• [Work item]:
Without the pictures, set down everything in the listing exactly.

• [Recorded information]:
---
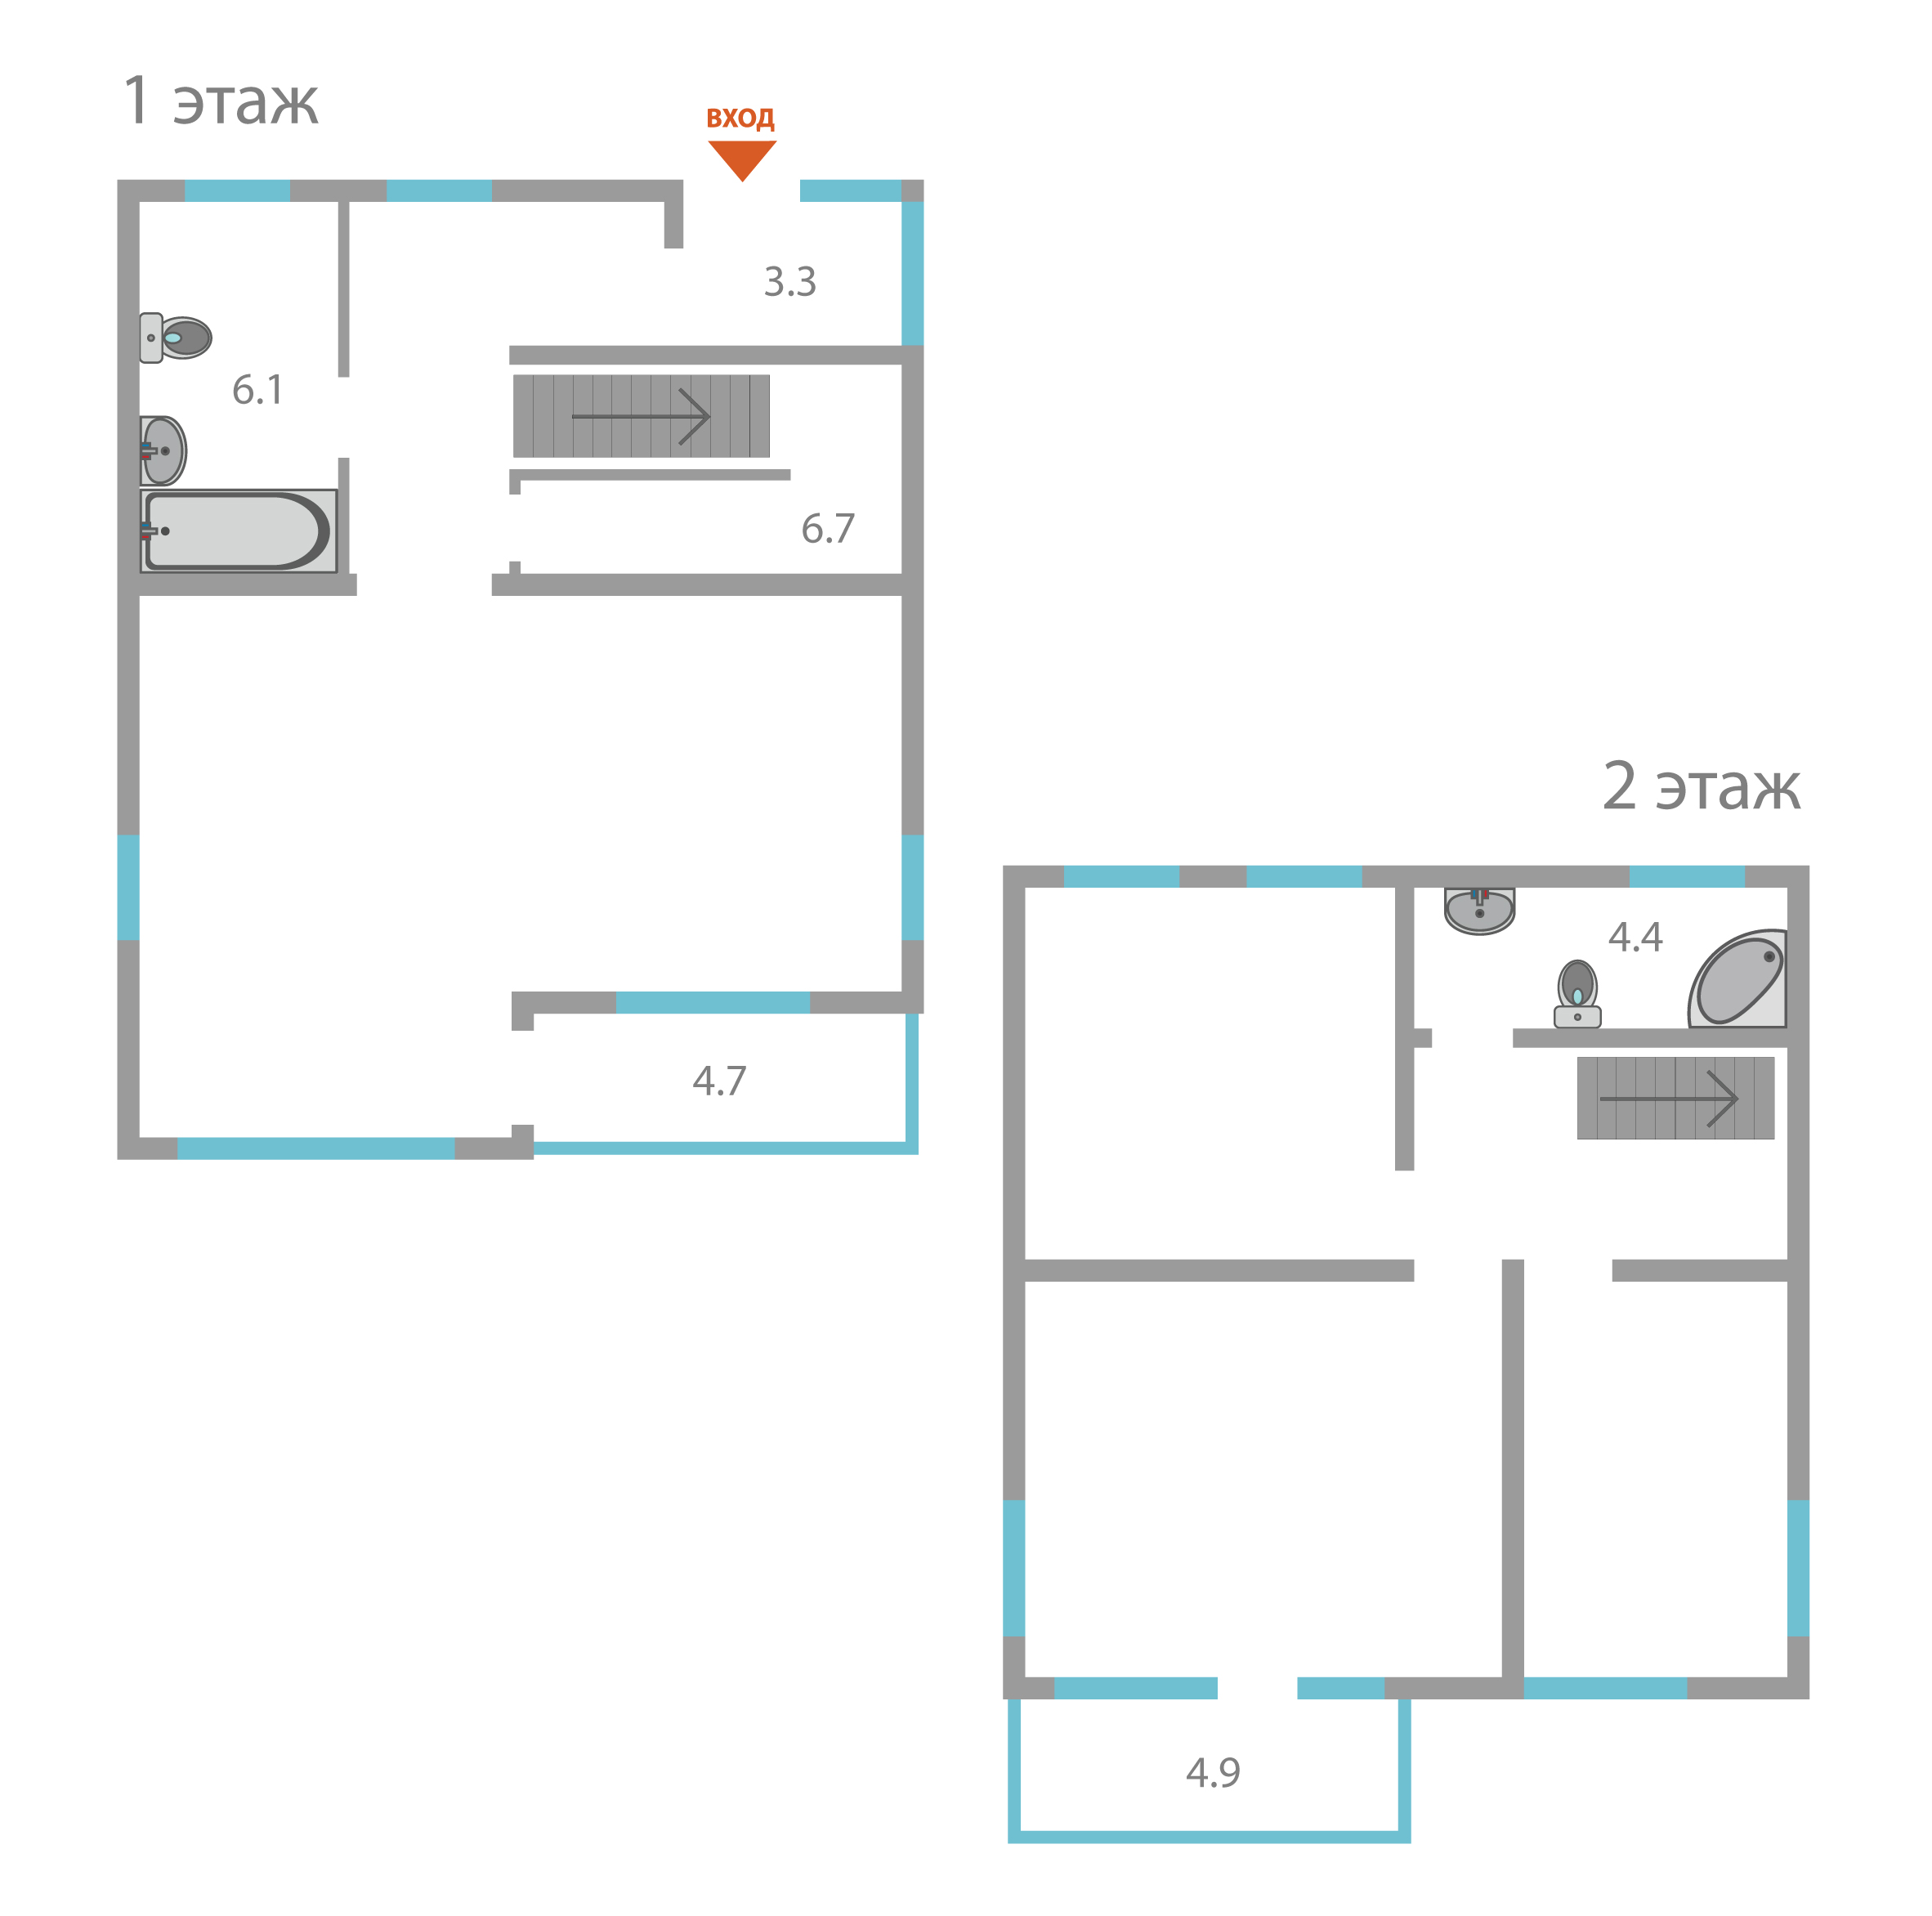 Участок с домом: площадь участка - 2 соток,   площадь дома - 2м^2,   цена - 11000000 тыс.руб.
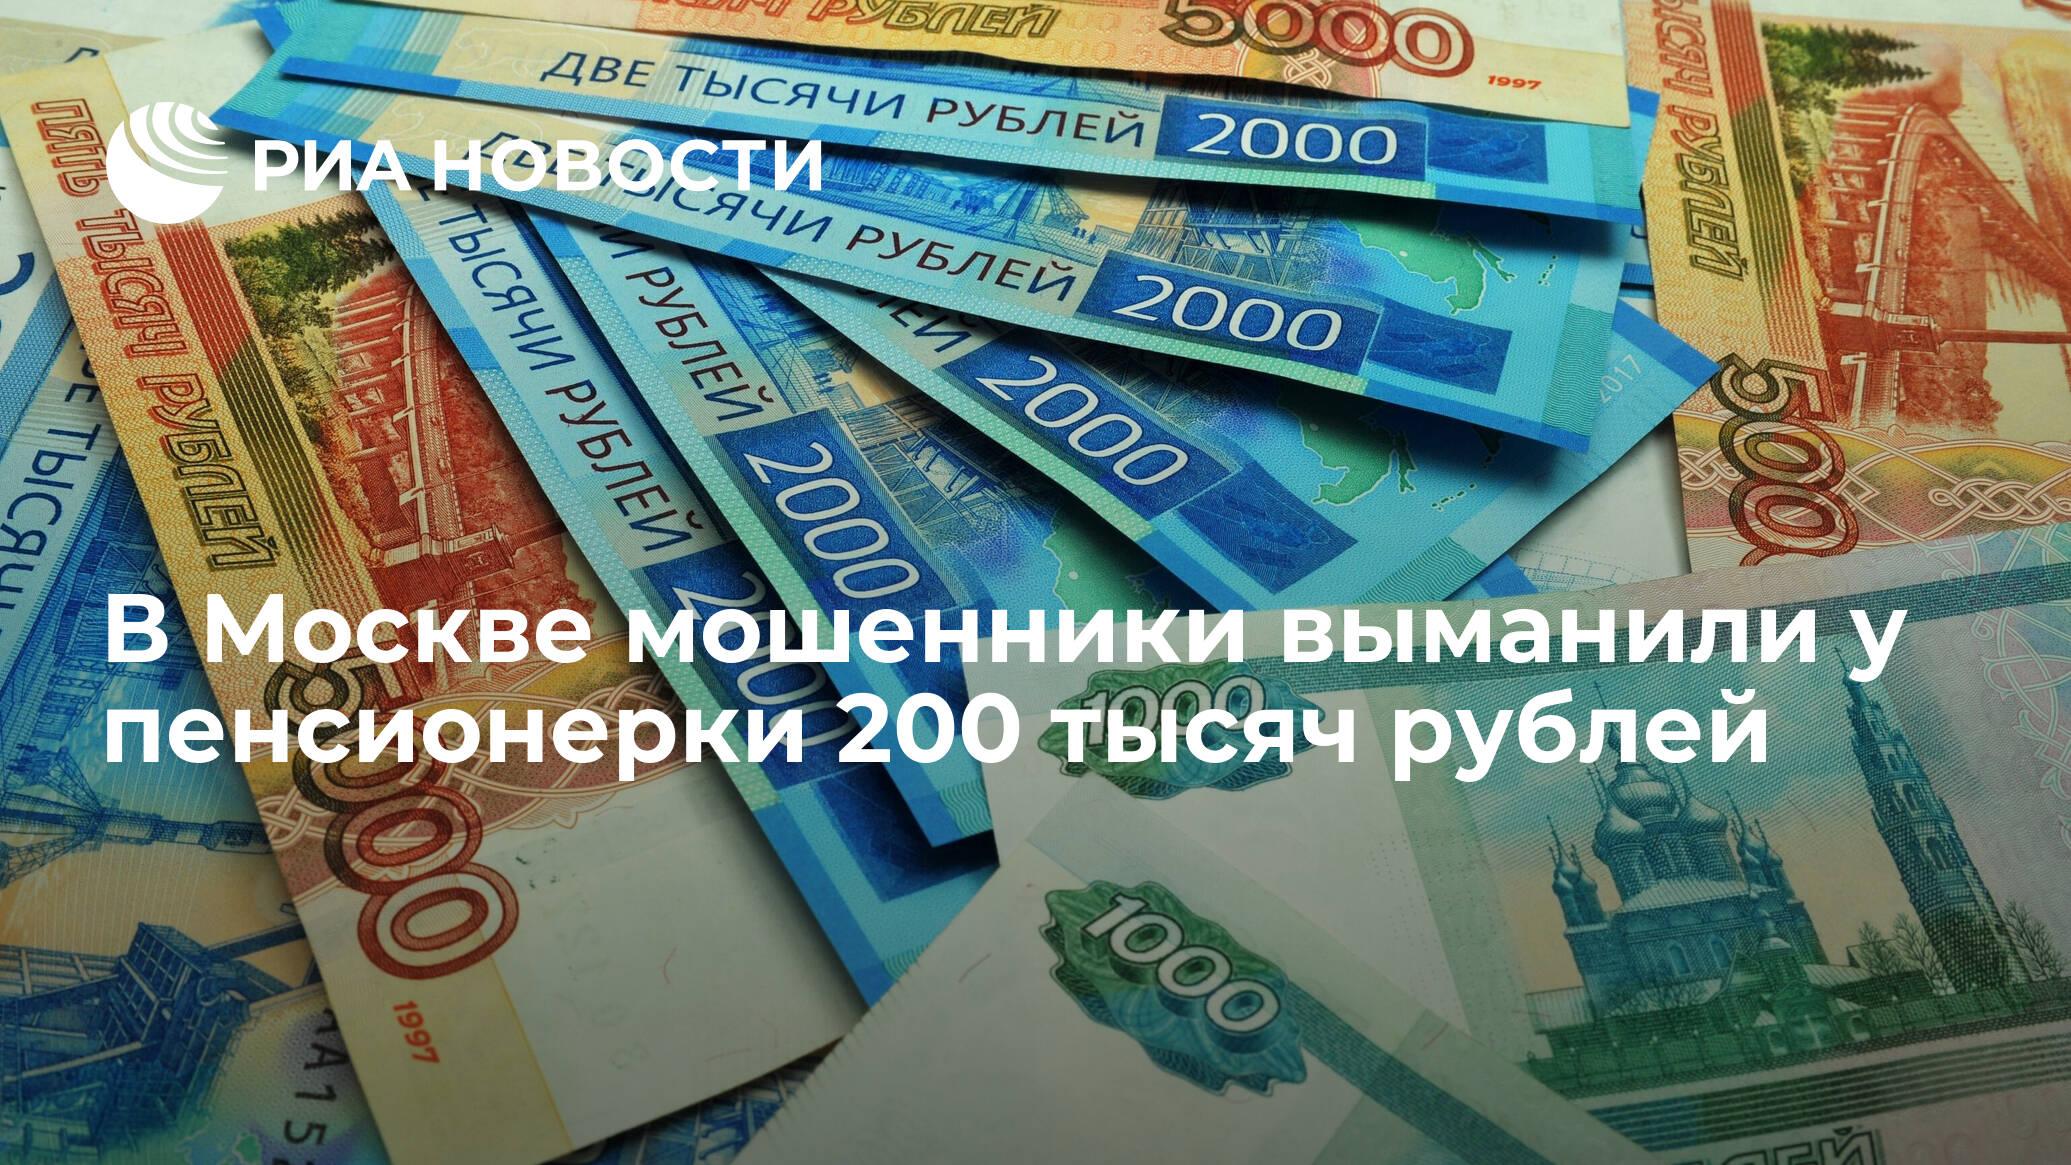 кредит 200 тысяч рублей рубль есть займ
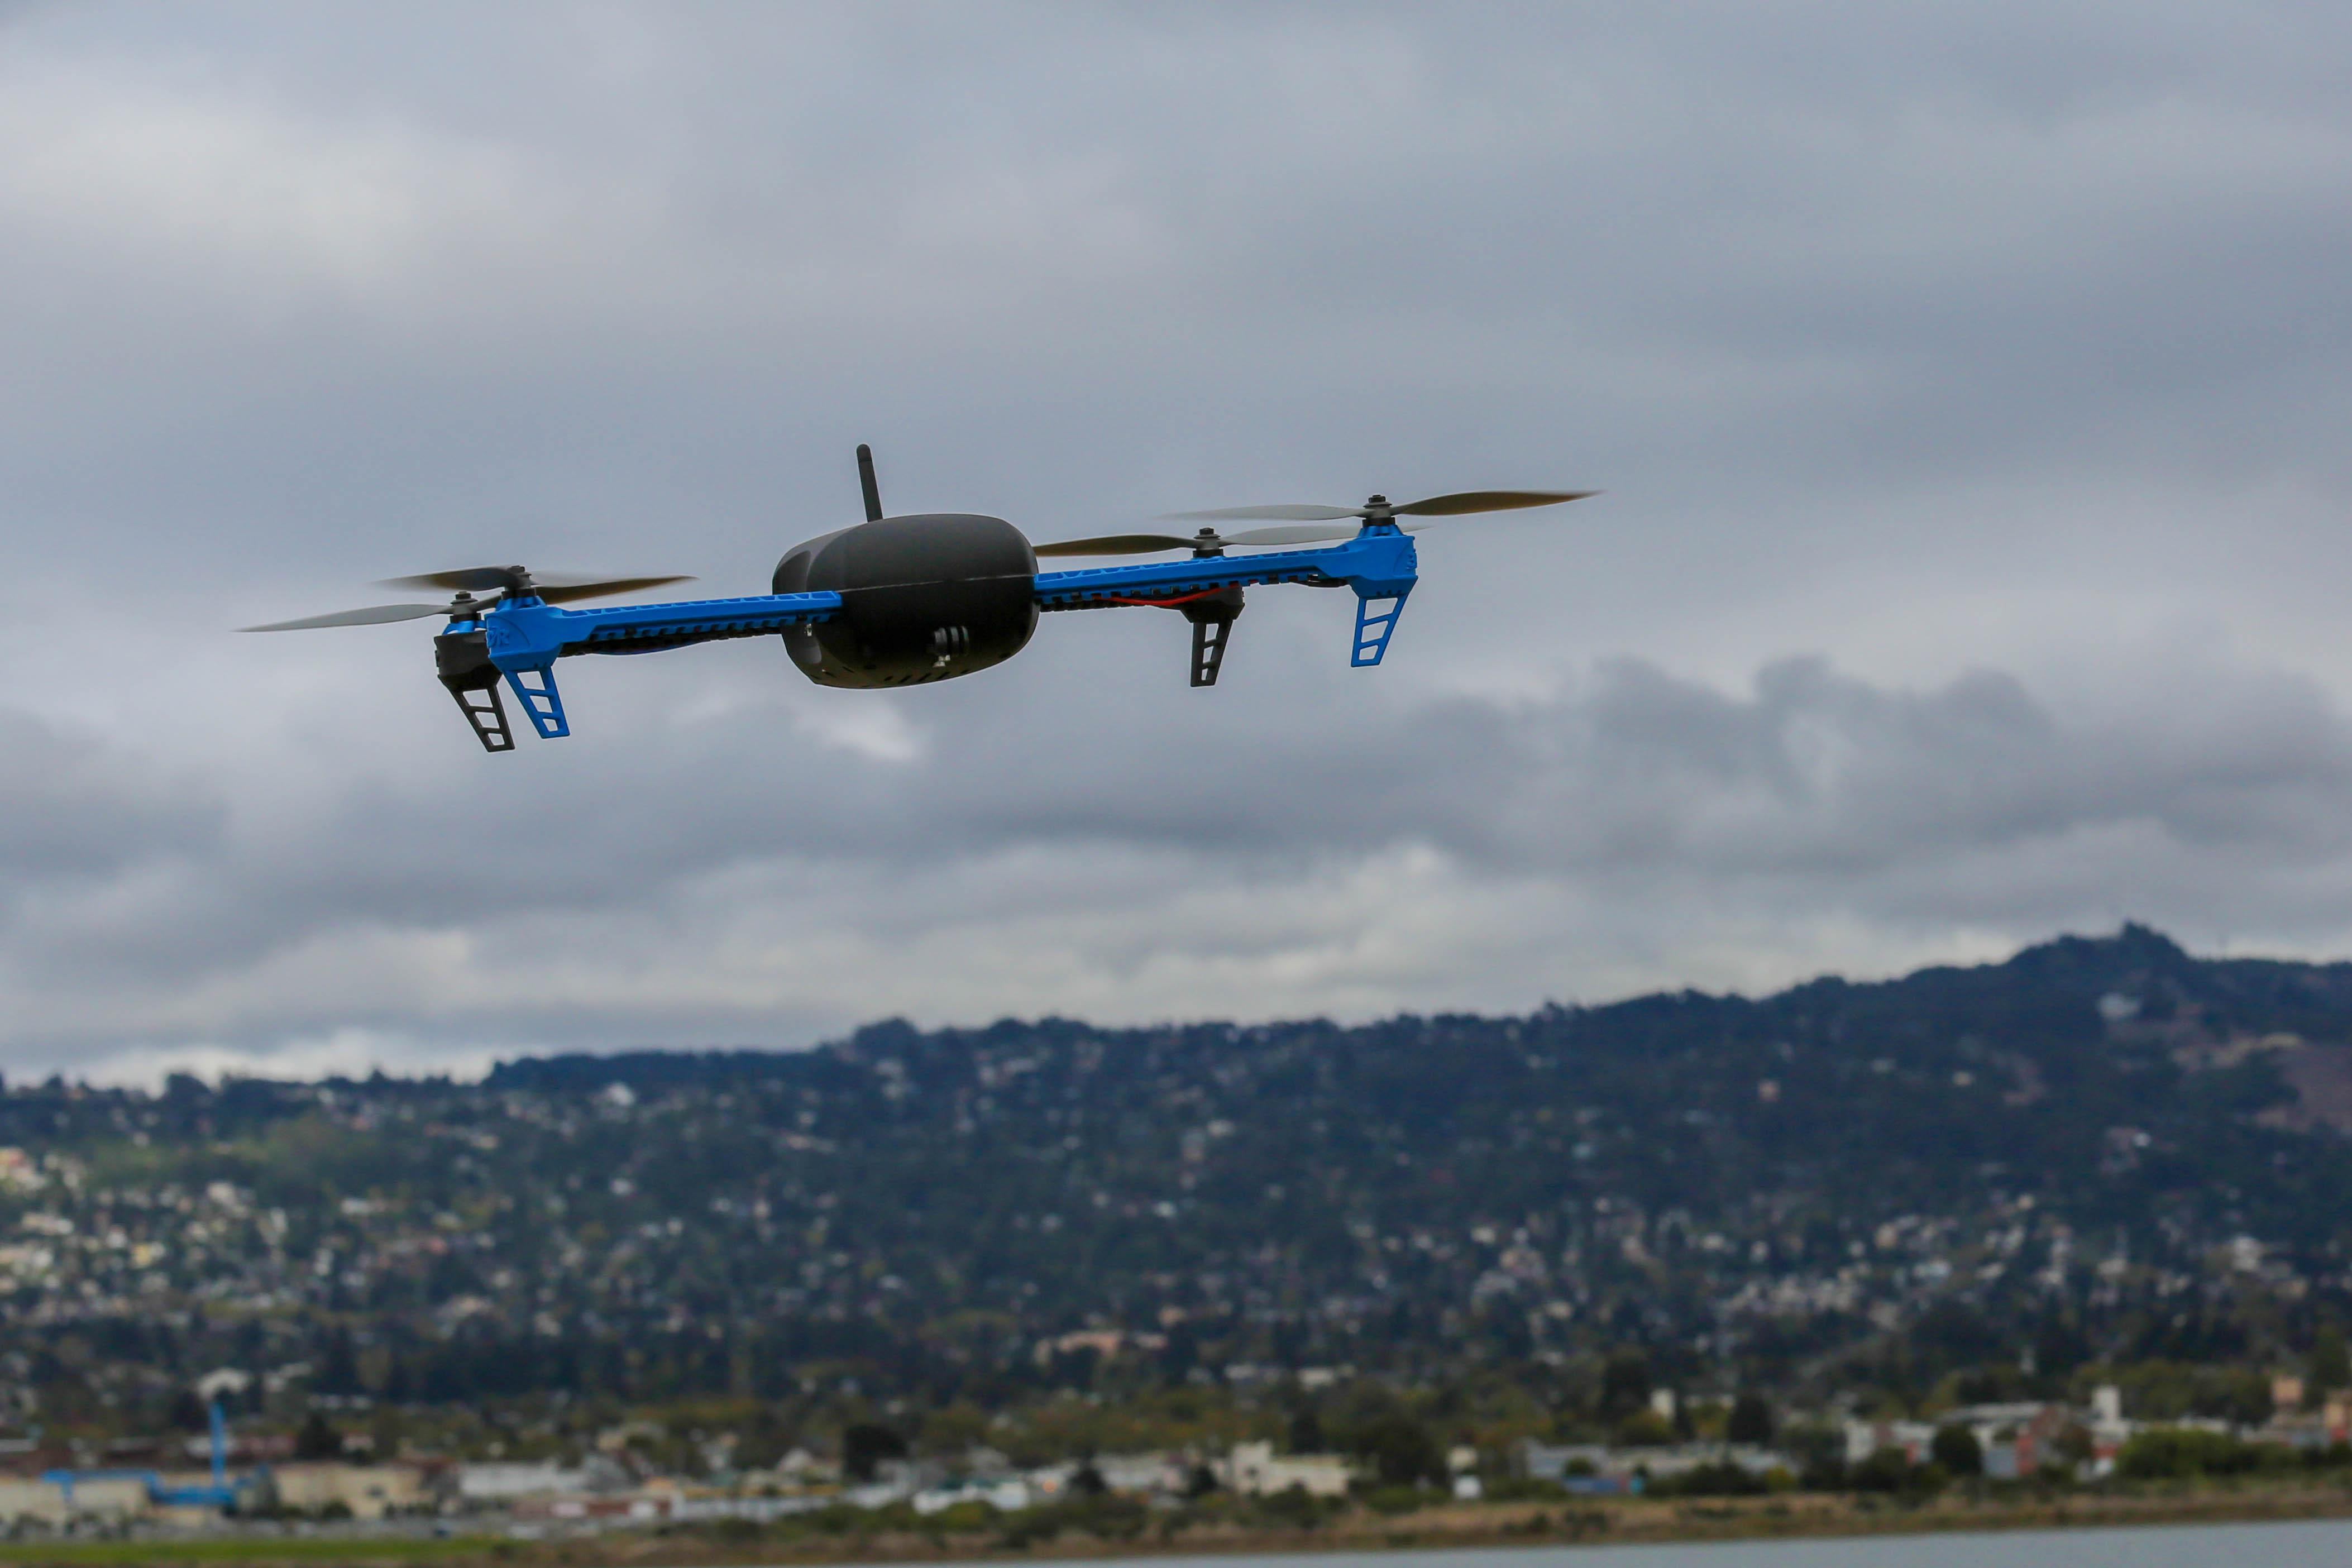 Максимальная дальность полета квадрокоптера cable micro usb dji стоимость с доставкой
---
• [Response to the exercise]:
 Участок с домом: площадь участка - 2 соток,   площадь дома - 2м^2,   цена - 11000000 тыс.руб.
 кредит 200 тысяч рублей рубль есть займ
 Максимальная дальность полета квадрокоптера cable micro usb dji стоимость с доставкой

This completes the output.